For example, you might have had a friend in college who NEVER went out drinking with you on the weekend at your favourite local bar in Toronto. The reason for this was because he was constantly driving back to Thunder Bay every single weekend to visit his girlfriend, just so he could get laid. Well, his carbon cockprint would be enormous simply because of all the gas he used driving his car a total of 25-30 hours every weekend just so he could have sex with the same girl he used to have sex with in high school.

Of course, it’s not only men who are whipped and easily lured by their long term girlfriends. Some men are just really horny and desperate, without many options. So, when a girl they met online who lives in Winnipeg tells him she wants to suck his cock this weekend, you’d better believe that he’s going to be hopping on the next VIA train, purchasing a return ticket from Halifax. That man’s carbon cockprint would also be huge.

In fact, racking up a massive carbon cockprint in the early days of high school and college is so common, there are actually carbon cockprint parties now that are usually hosted by men in their 40’s or 50’s who like to brag to their co-workers about how stupid they were in college and talk about the lengths they would go just to get some tail.

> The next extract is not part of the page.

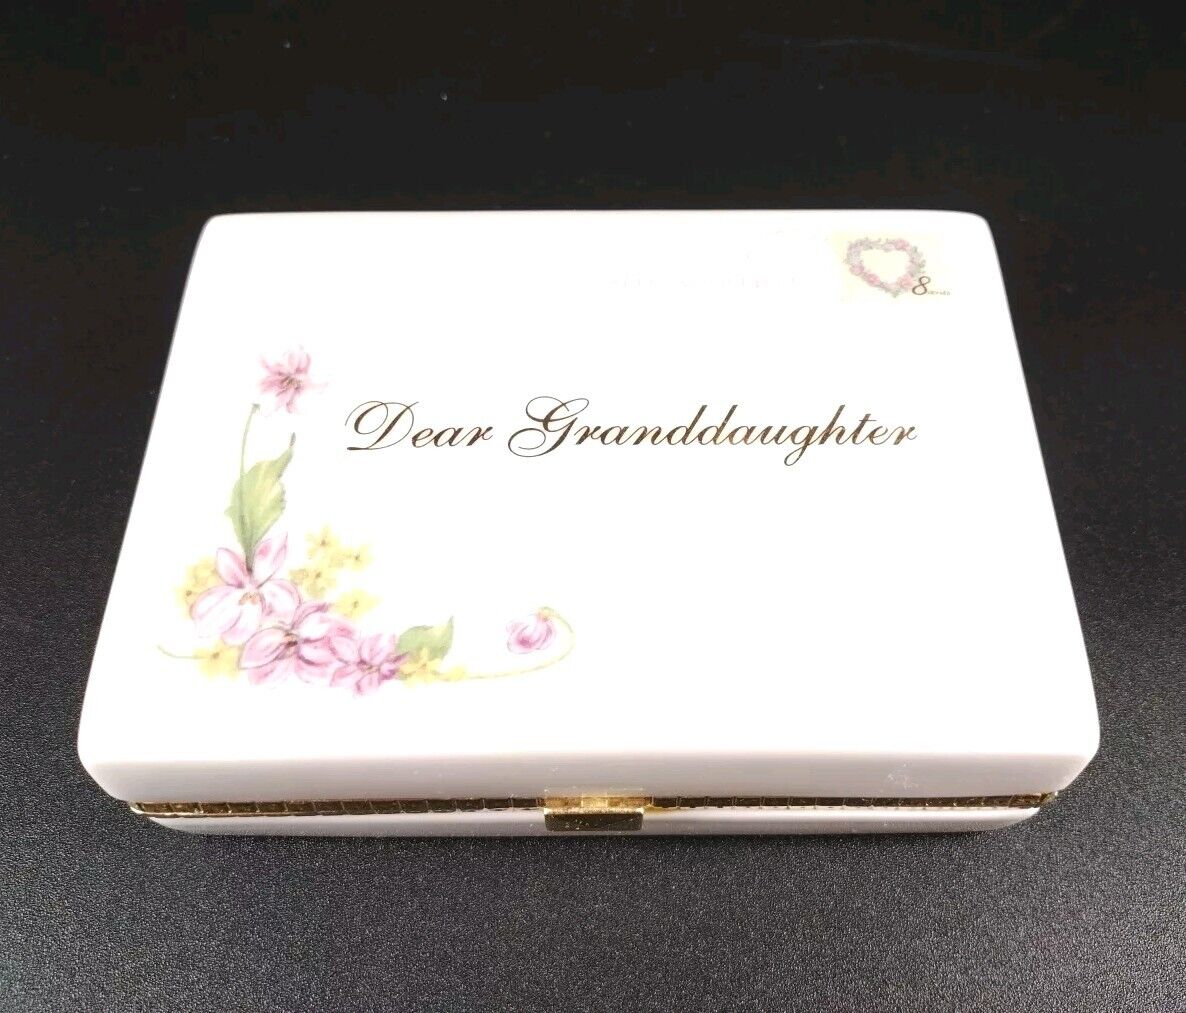 Ardleigh Elliott Porcelain Music Box “Dear Granddaughter” Ltd Edition Violets

In case you’re wondering, there is also a female equivalent to the Carbon Cockprint, and it usually goes by two names: either the Carbon Clitprint or the Carbon Cuntprint.

For women, it is much more common to drastically increase your Carbon cuntprint over a guy that you’re in love with, rather than a man you simply want to sleep with. Women don’t even have to leave their own house to get laid, now that we have the internet and social networking sites like “Fuckbook.” There’s no way a hot girl is going to hop on a plane, spend 2000 dollars on a last minute flight across the country, and then rent a car and drive another 4 hours from the airport just to have sex. They will, however, do it for a relationship, as sitcoms like “Friends” has taught us many years ago.

1. Men these days have much larger Carbon Cockprints today than their ancestors did 150 years ago. Even if you traveled for five days straight to get a piece of tail, the amount of Methane produced by a horses ass is fairly minimal.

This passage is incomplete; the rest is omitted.